0

I am working with Sqlite database using sqlalchamey. It is quite a large db and is slowing down my operations when loading it multiple times i.e. on each iteration of a loop. I only actually need the last 10 rows of data for my calculations. How can I load only those last few rows and convert to pandas dataframe using pd.read_sql. I have tried using the stream_results functionality with chunksize as follows

db_name = "SELECT * FROM" + " " + (print_name + "_df")
conn = db_engine.connect().execution_options(stream_results=True)

for df_10 in pd.read_sql(db_name, conn, chunksize=10):
        df = df_10

this works in that df_10 returns the last 10 rows however the operation still has to iterate over each chunk which takes longer than loading the whole database in one go. Is there any way to just pull the latest 10 rows without having to either load the whole lot or split it an load it in n chunks of 10?
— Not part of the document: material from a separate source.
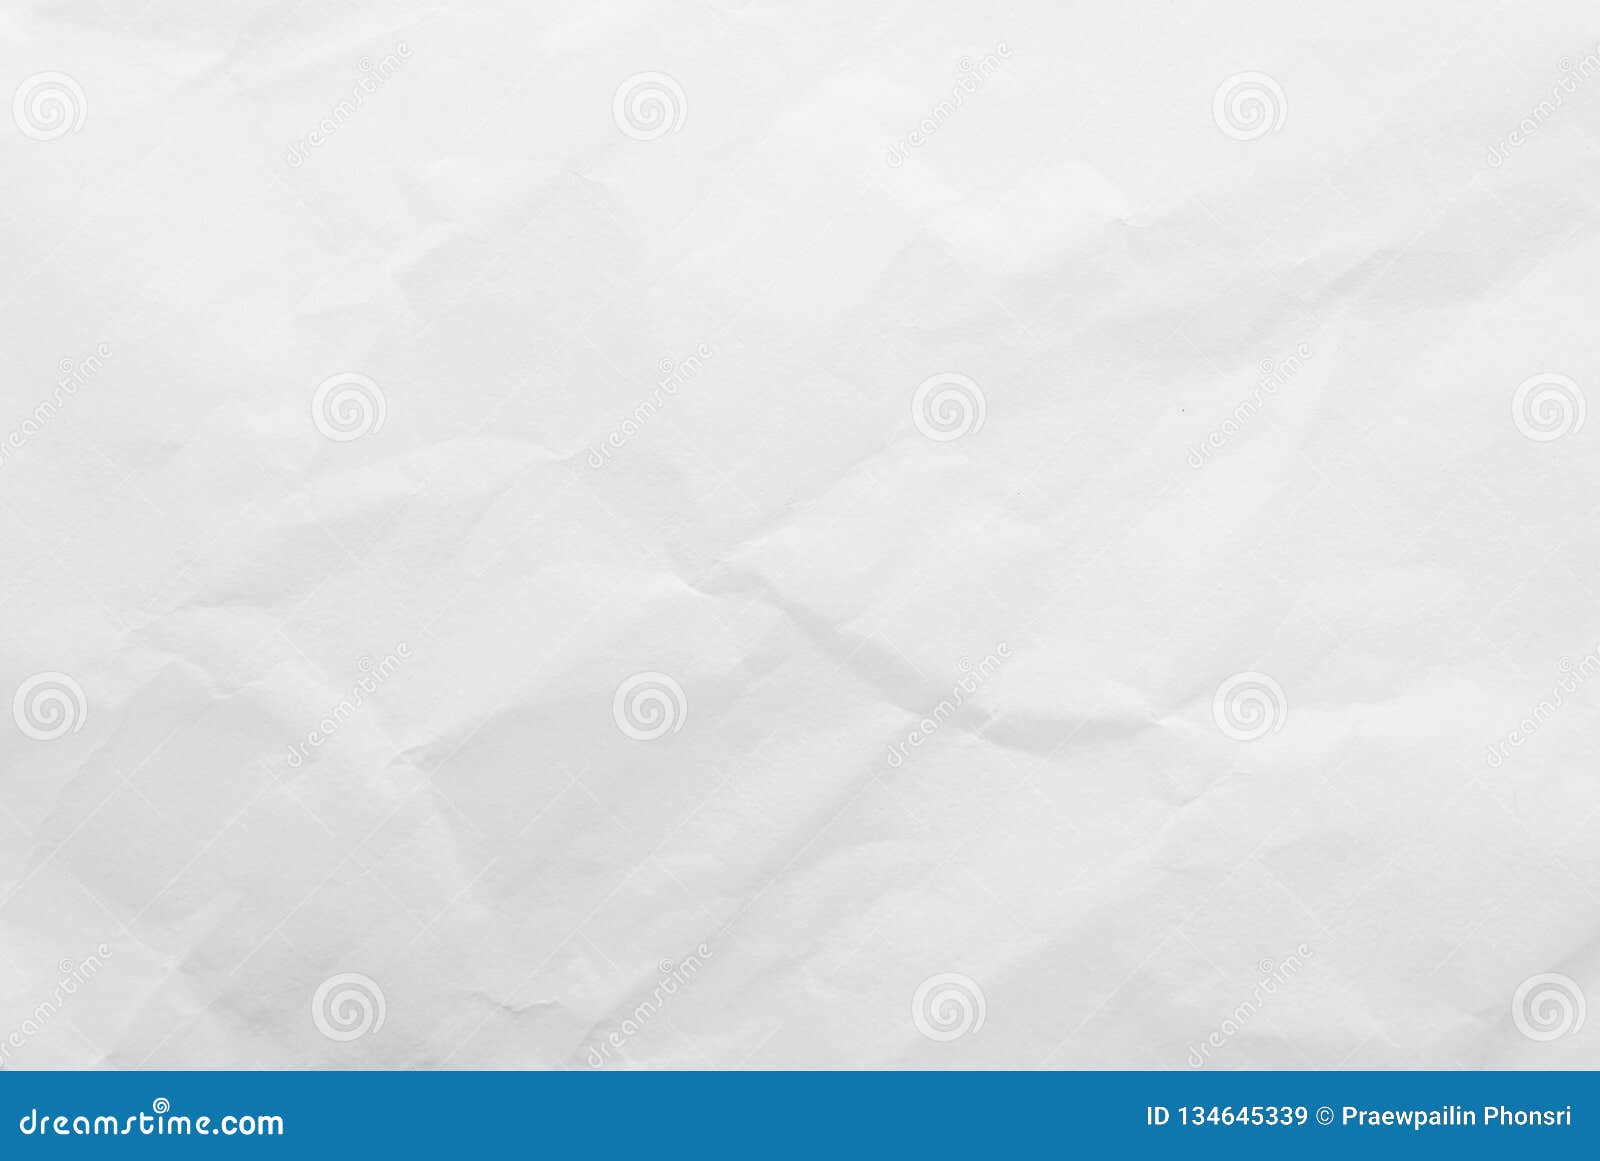 white crumpled paper texture background. close-up

  • certainly looks like it would be promising. Would I be able to use the LIMIT statement from within read_sql or would I use it within the db_engine.connect(). Apologies I am less than familiar with sqlite and these are my first forays into this. – DaveTheRave Apr 03 '22 at 20:40
  • Yes you should be able to add LIMIT to the end of the SELECT which should be passed to sqlite. You can read more about it in the sqlite docs [limit offset](https://www.sqlite.org/lang_select.html#limitoffset). – Ian Wilson Apr 03 '22 at 23:32
  • Also note to get the "last" 10 rows you will need to sort the rows in some order (using the ids or a date field with DESC) and then apply limit, with implicit offset of 0. Otherwise you will just get the first 10 rows. – Ian Wilson Apr 03 '22 at 23:37

0 Answers0